Task goal
The reader should set down exactly the lines from the one containing "Calm Jaguar for 1280 x 1024 resolution" through the last line of the material, omitting every picture.

Data shown
◆ ◆ ◆ ◆

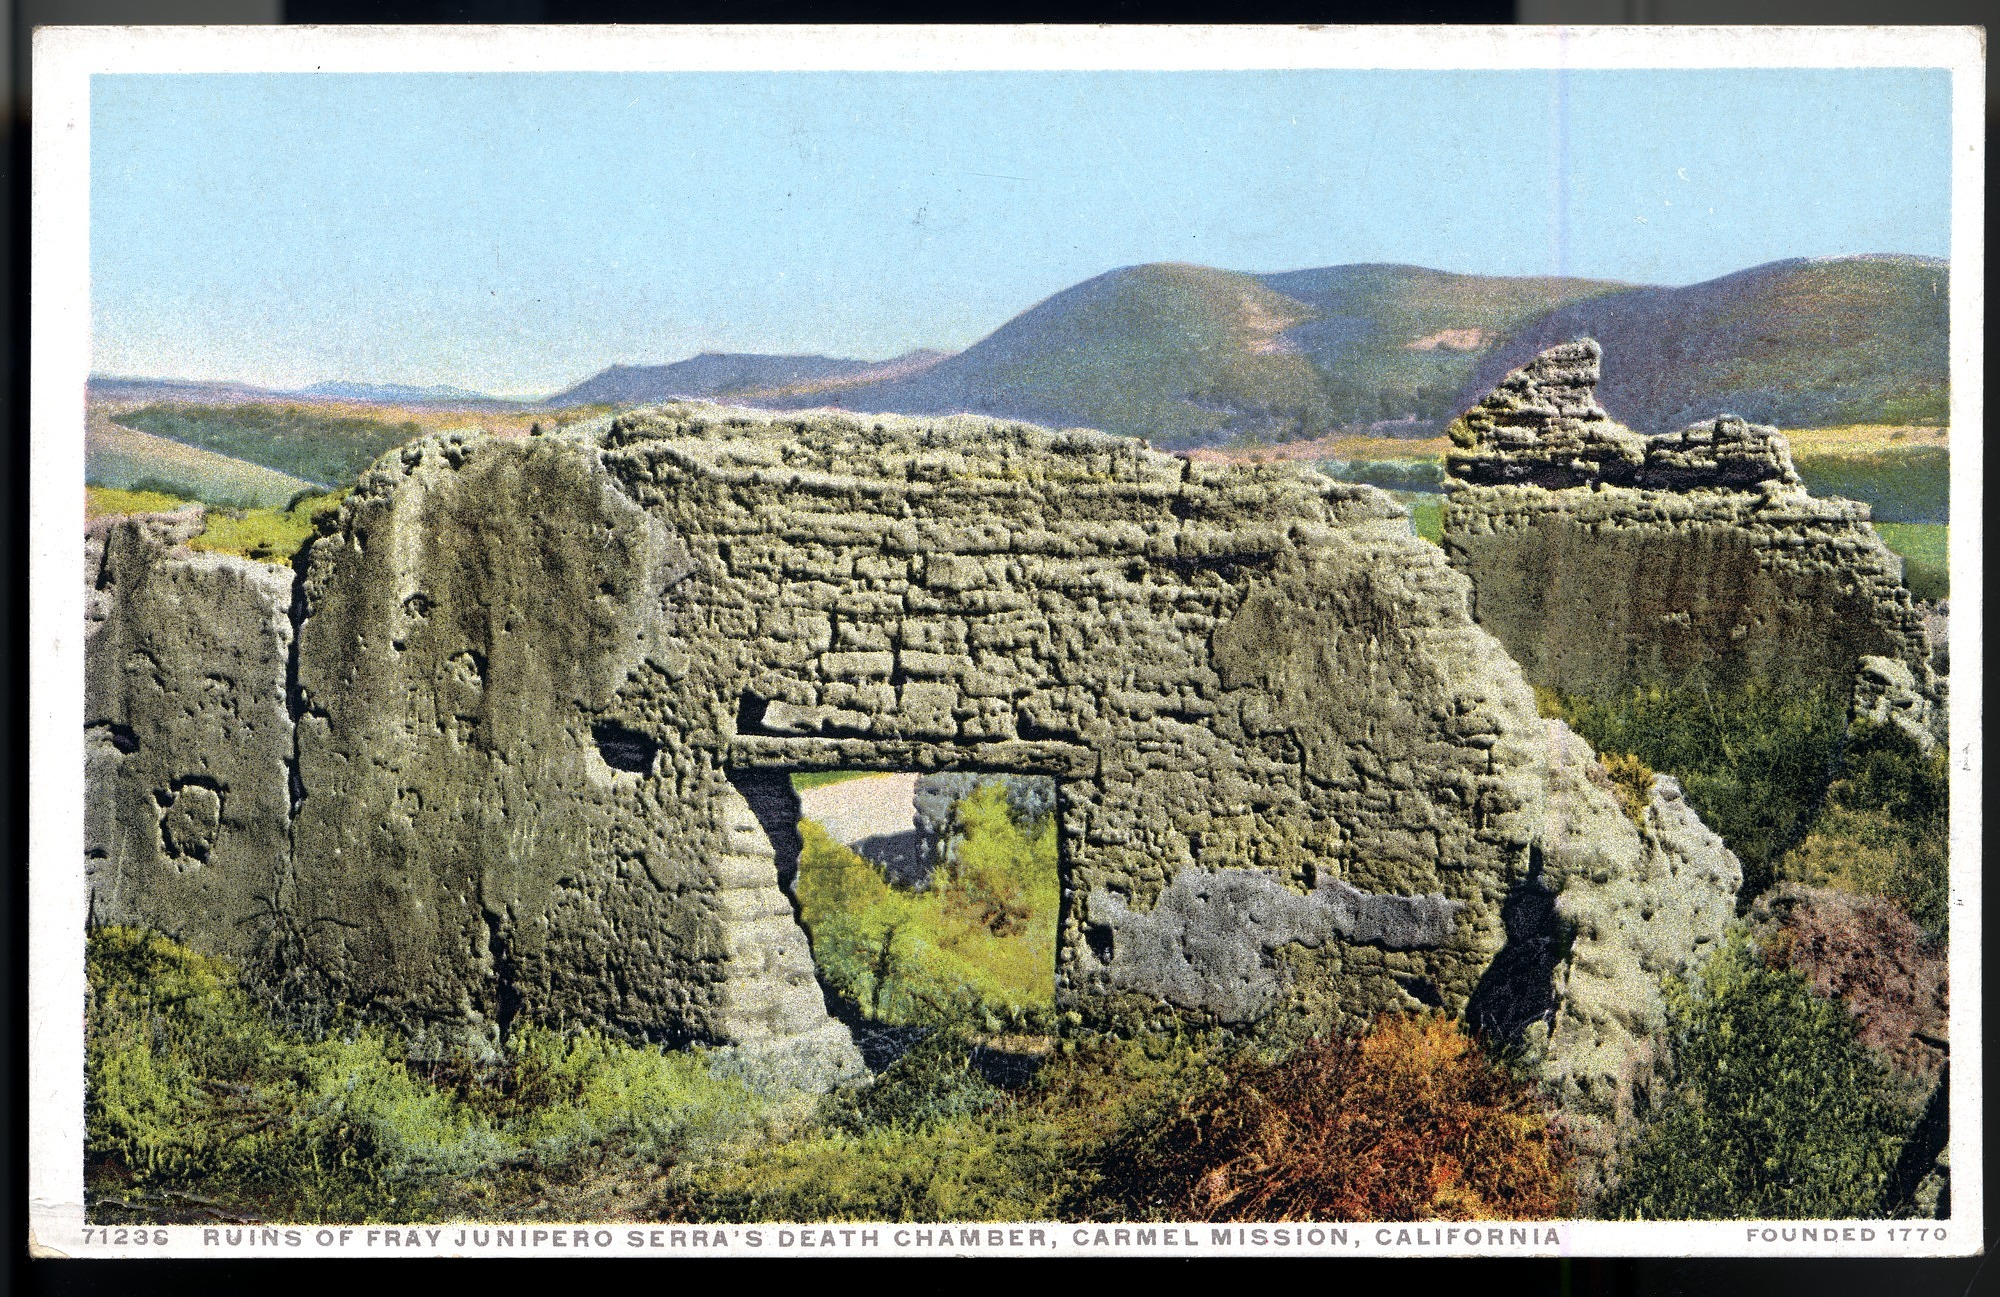 Postcard 09 – Ruins of Fray Junipero Serra’s Death Chamber, Carmel Mission, California. Founded 1770. Detroit Publishing Company. ca 1910. NMAH 1986.0639.2016.
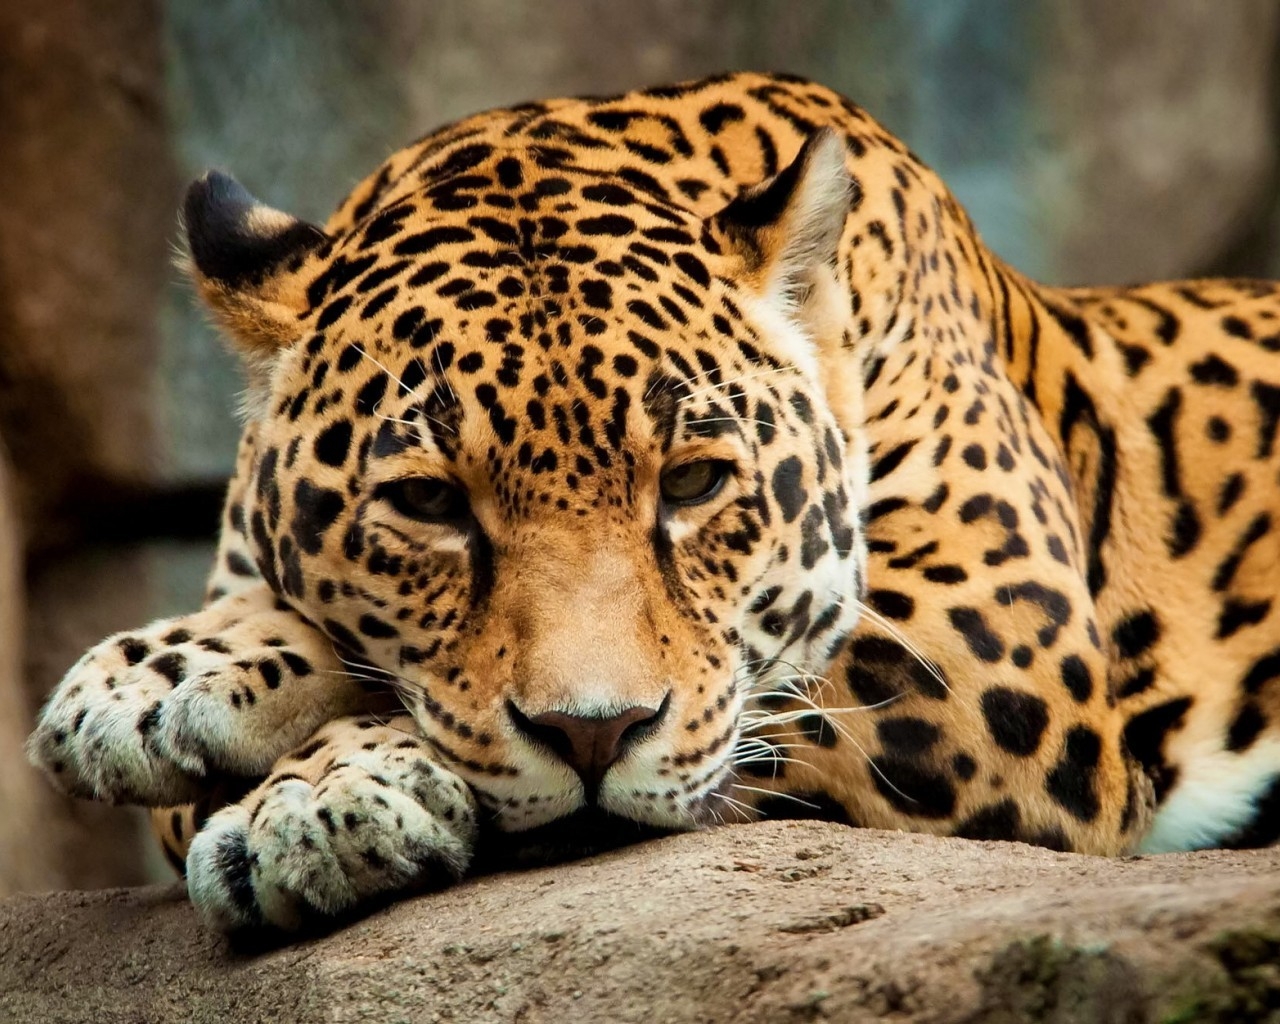 Calm Jaguar for 1280 x 1024 resolution
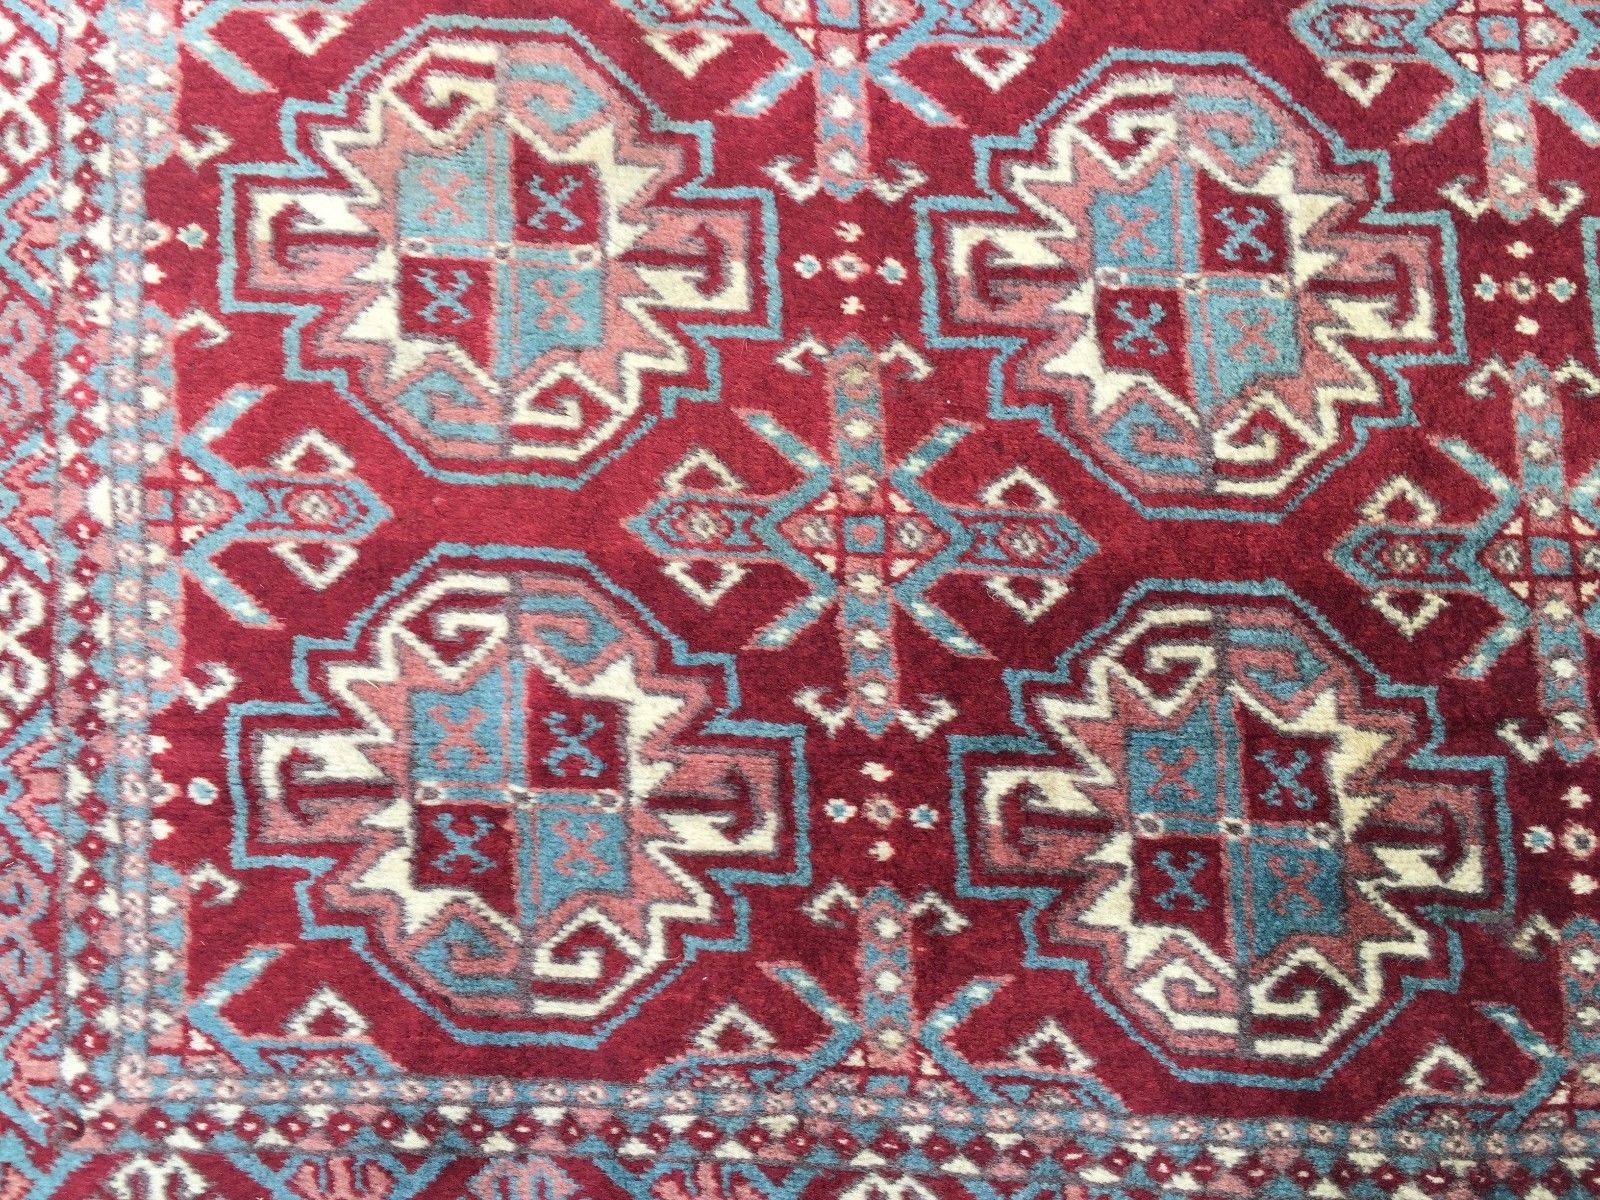 Turkish Vintage double sided Rug vegetable dye 175x132cm Persian Tribal boho old Antiques:Carpets & Rugs kilimshop.myshopify.com

◆ ◆ ◆ ◆

Output of the exercise
 Calm Jaguar for 1280 x 1024 resolution
 Turkish Vintage double sided Rug vegetable dye 175x132cm Persian Tribal boho old Antiques:Carpets & Rugs kilimshop.myshopify.com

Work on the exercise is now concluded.